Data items
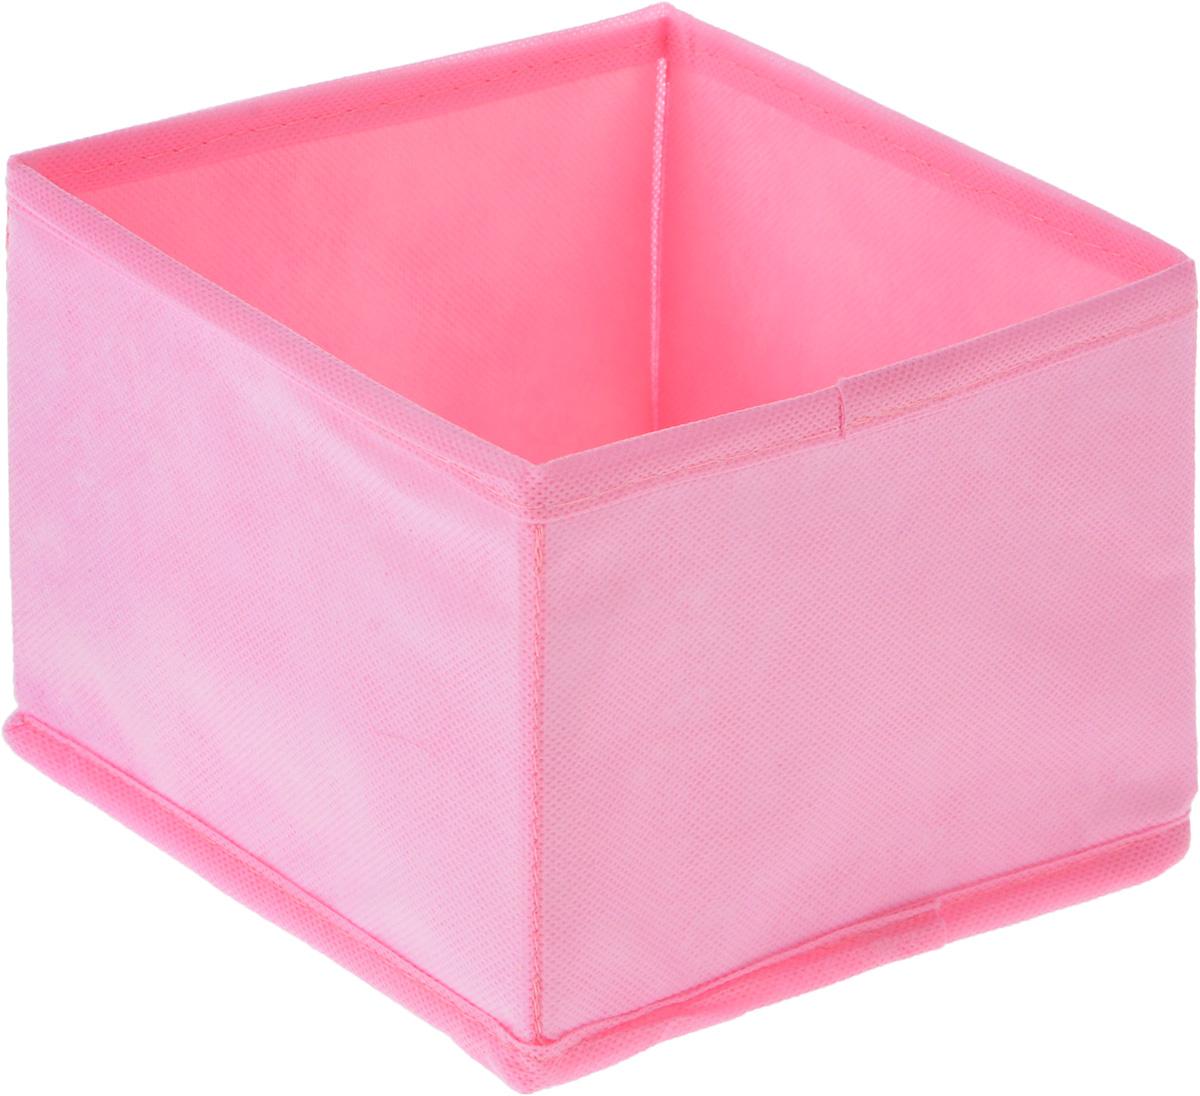 Органайзер Все на местах Minimalistic, цвет: розовый, 15 х 15 х 11 см1014058.Органайзер Все на местах Minimalistic поможет удобно хранить вещи. Изделие выполнено из высококачественного нетканого материала, который обеспечивает естественную вентиляцию, позволяя воздуху проникать внутрь, но не пропускает пыль. Вставки из ПВХ хорошо держат форму. Изделие содержит одну большую секцию. Органайзер легко раскладывается и складывается.Оригинальный дизайн придется по вкусу ценителям эстетичного хранения. Размер органайзера в разложенном виде: 15 х 15 х 11 см.
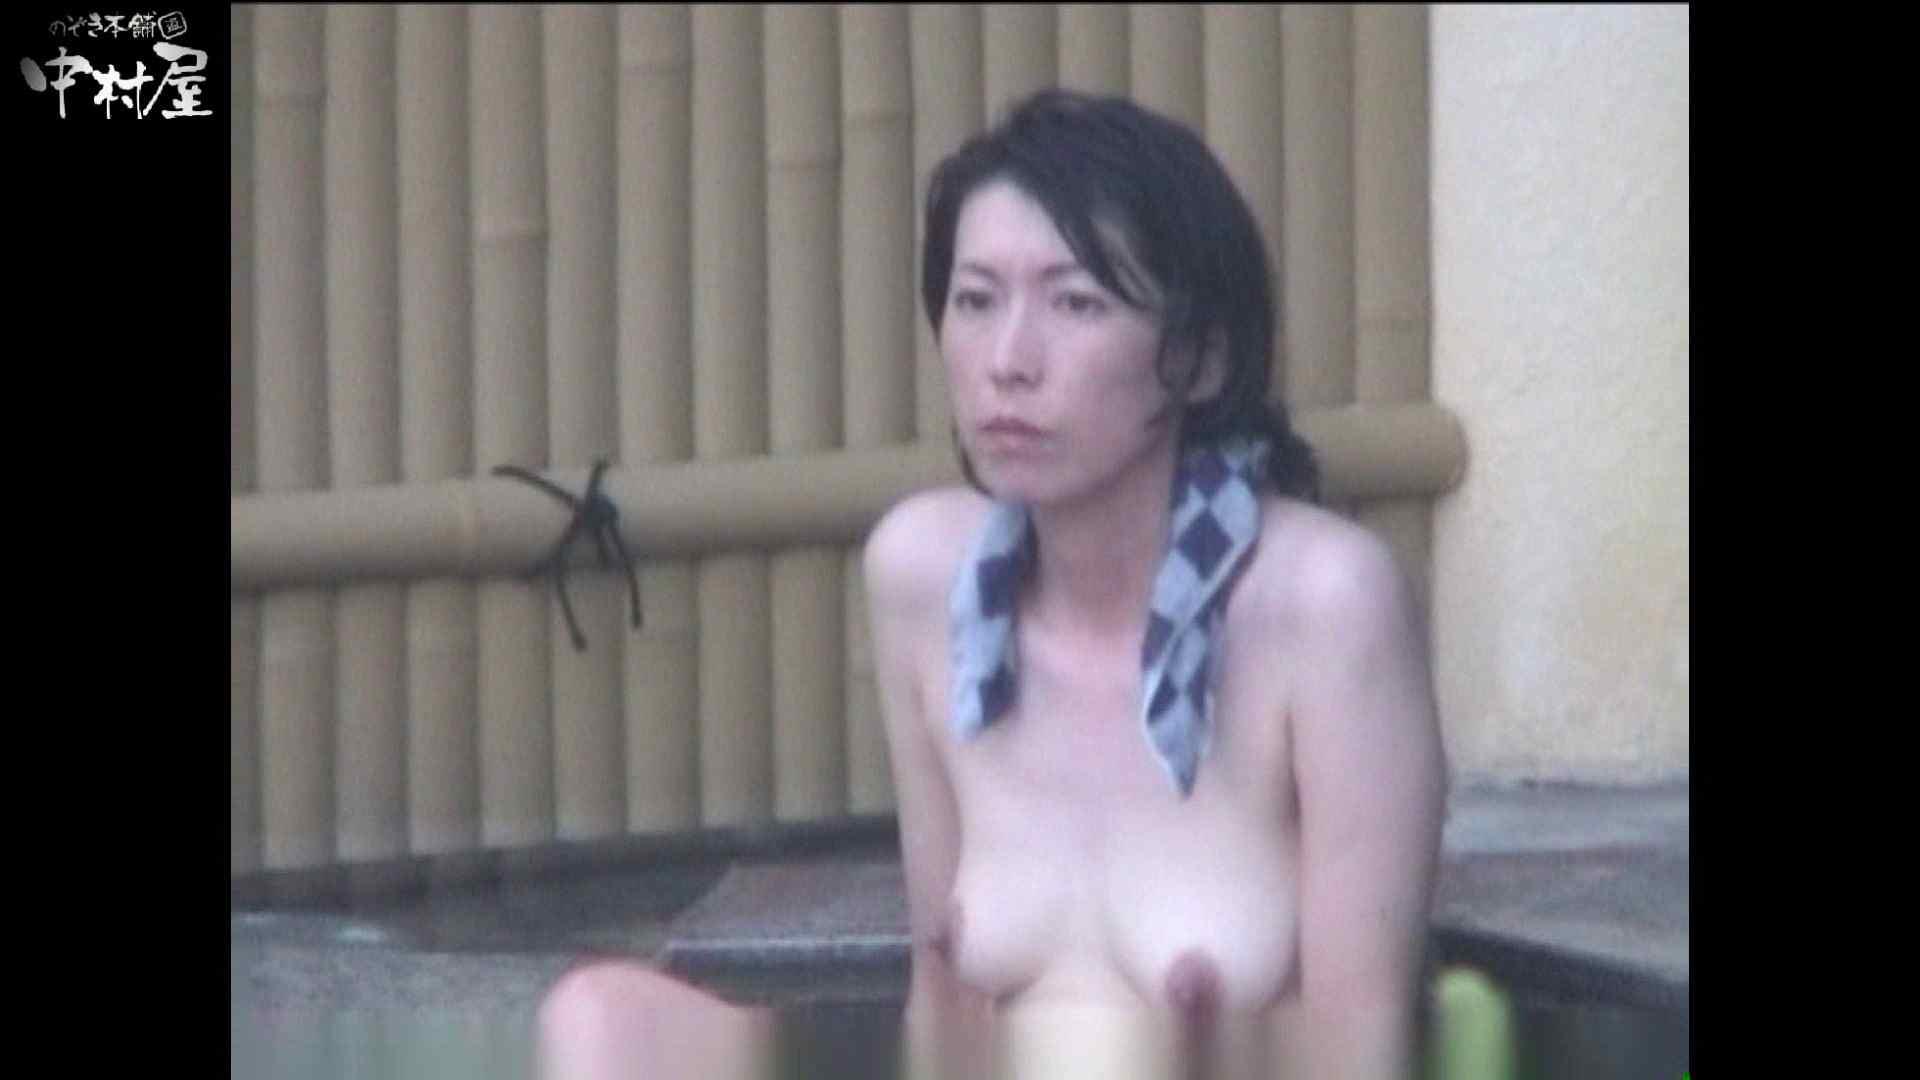 Aquaな露天風呂Vol.987 盗撮  71画像 21
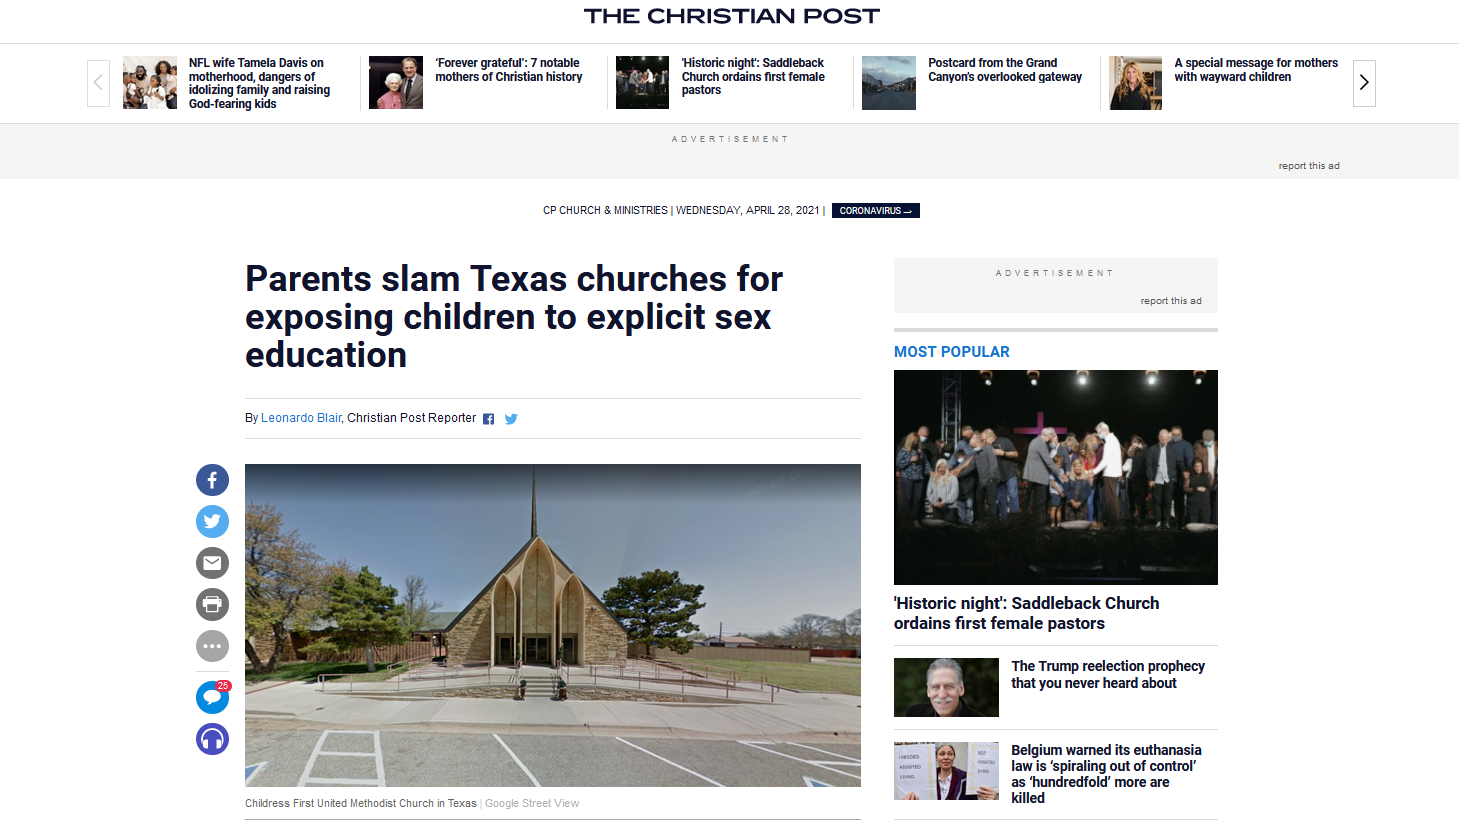 """Etats-Unis : Des églises donnent des leçons de sexe """"explicites"""" aux enfants à l'école du dimanche, les parents se révoltent"""
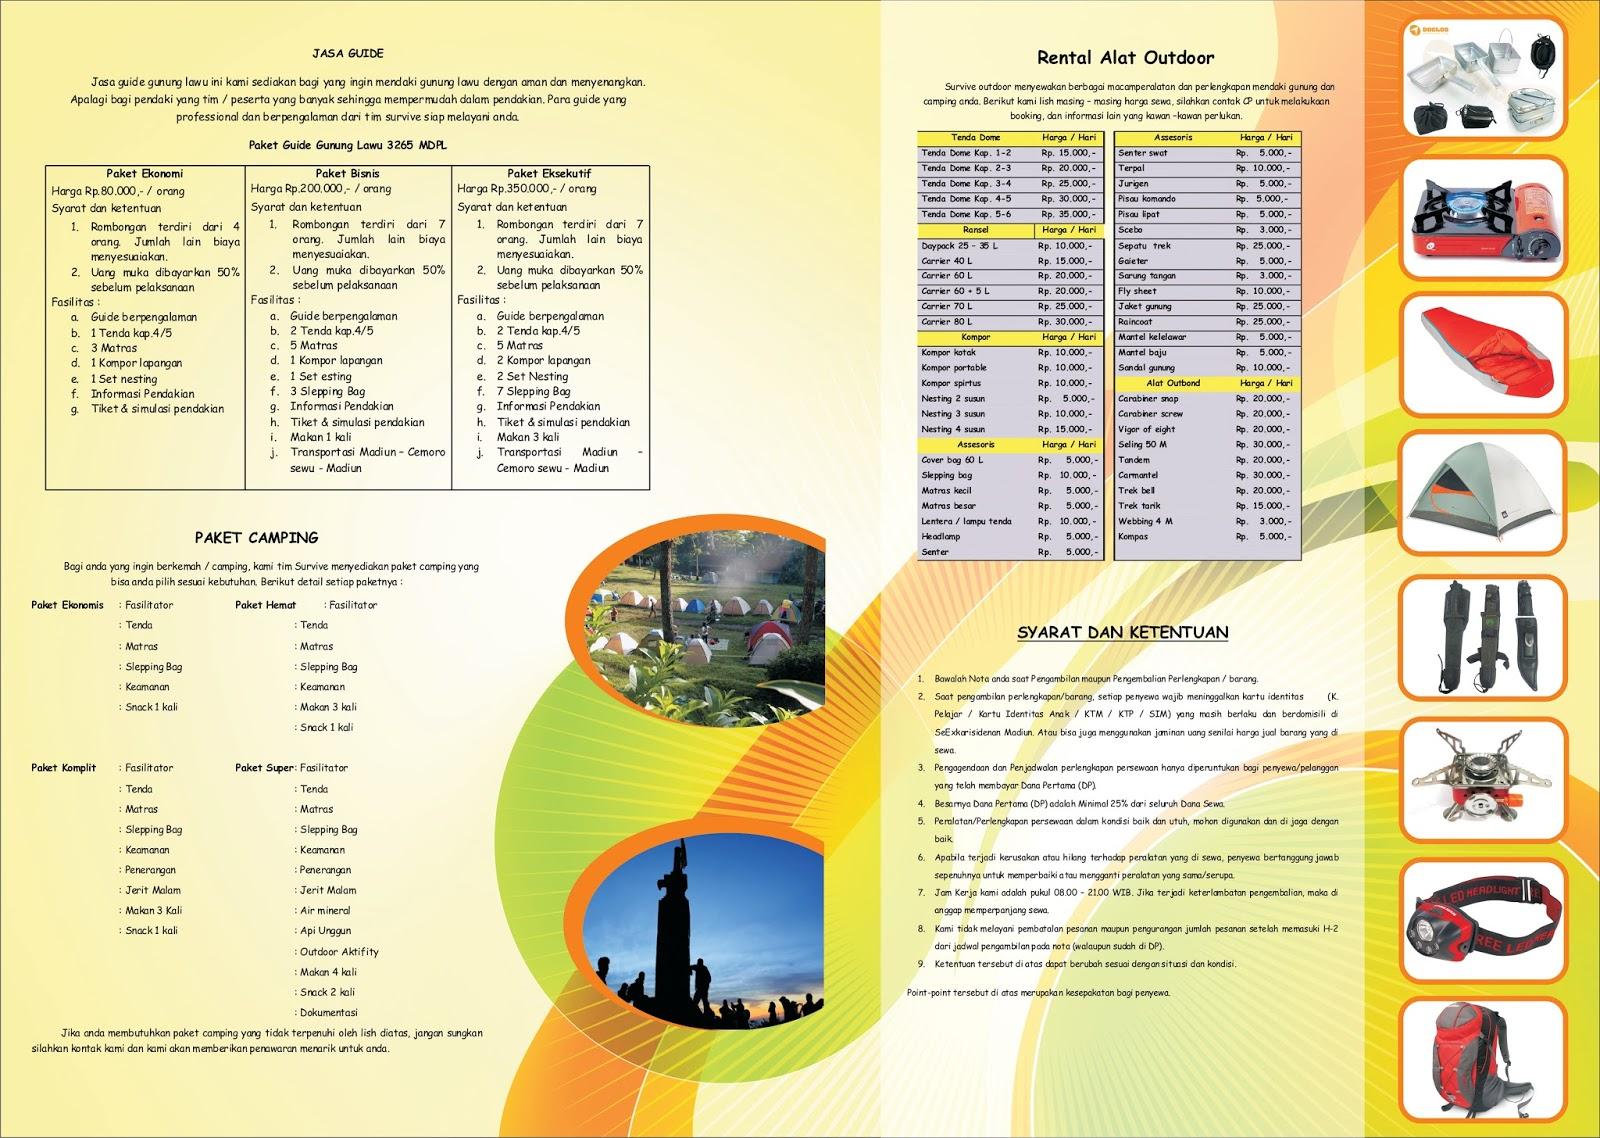 Outbound Madiun Outdoor Rental Alat Tas Tenda Kap 4 5 6 085736227850
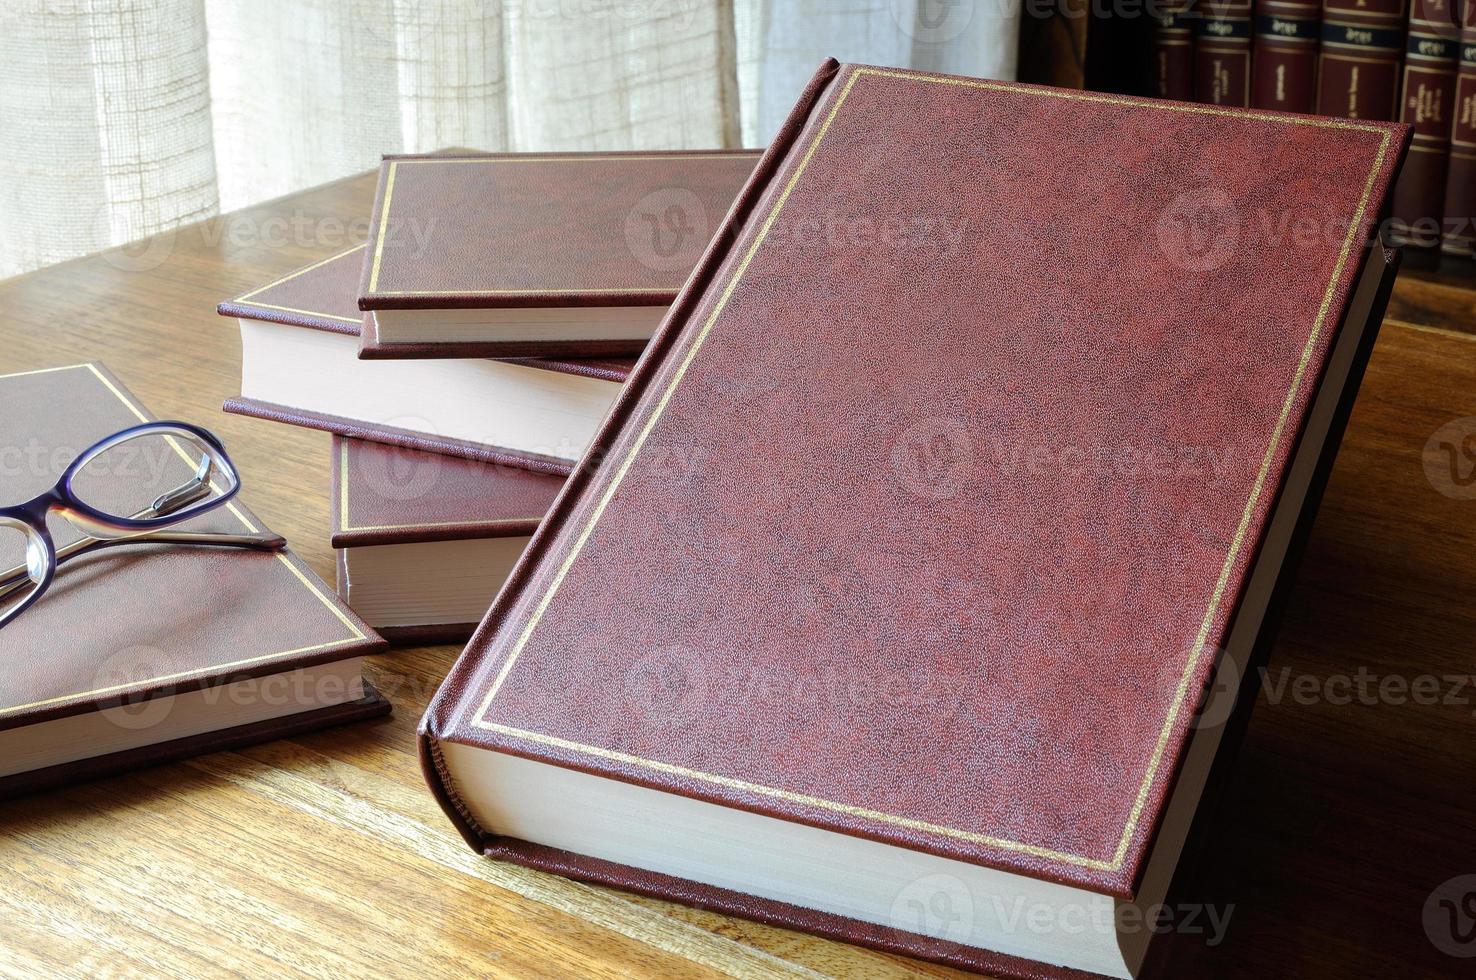 exposto conjunto de livros sobre a mesa foto

→ What you should do
Could you write all the entries out again exactly, but without their pictures?

→ Response to this task
 Органайзер Все на местах Minimalistic, цвет: розовый, 15 х 15 х 11 см1014058.Органайзер Все на местах Minimalistic поможет удобно хранить вещи. Изделие выполнено из высококачественного нетканого материала, который обеспечивает естественную вентиляцию, позволяя воздуху проникать внутрь, но не пропускает пыль. Вставки из ПВХ хорошо держат форму. Изделие содержит одну большую секцию. Органайзер легко раскладывается и складывается.Оригинальный дизайн придется по вкусу ценителям эстетичного хранения. Размер органайзера в разложенном виде: 15 х 15 х 11 см.
 Aquaな露天風呂Vol.987 盗撮  71画像 21
 """Etats-Unis : Des églises donnent des leçons de sexe """"explicites"""" aux enfants à l'école du dimanche, les parents se révoltent"""
 Outbound Madiun Outdoor Rental Alat Tas Tenda Kap 4 5 6 085736227850
 exposto conjunto de livros sobre a mesa foto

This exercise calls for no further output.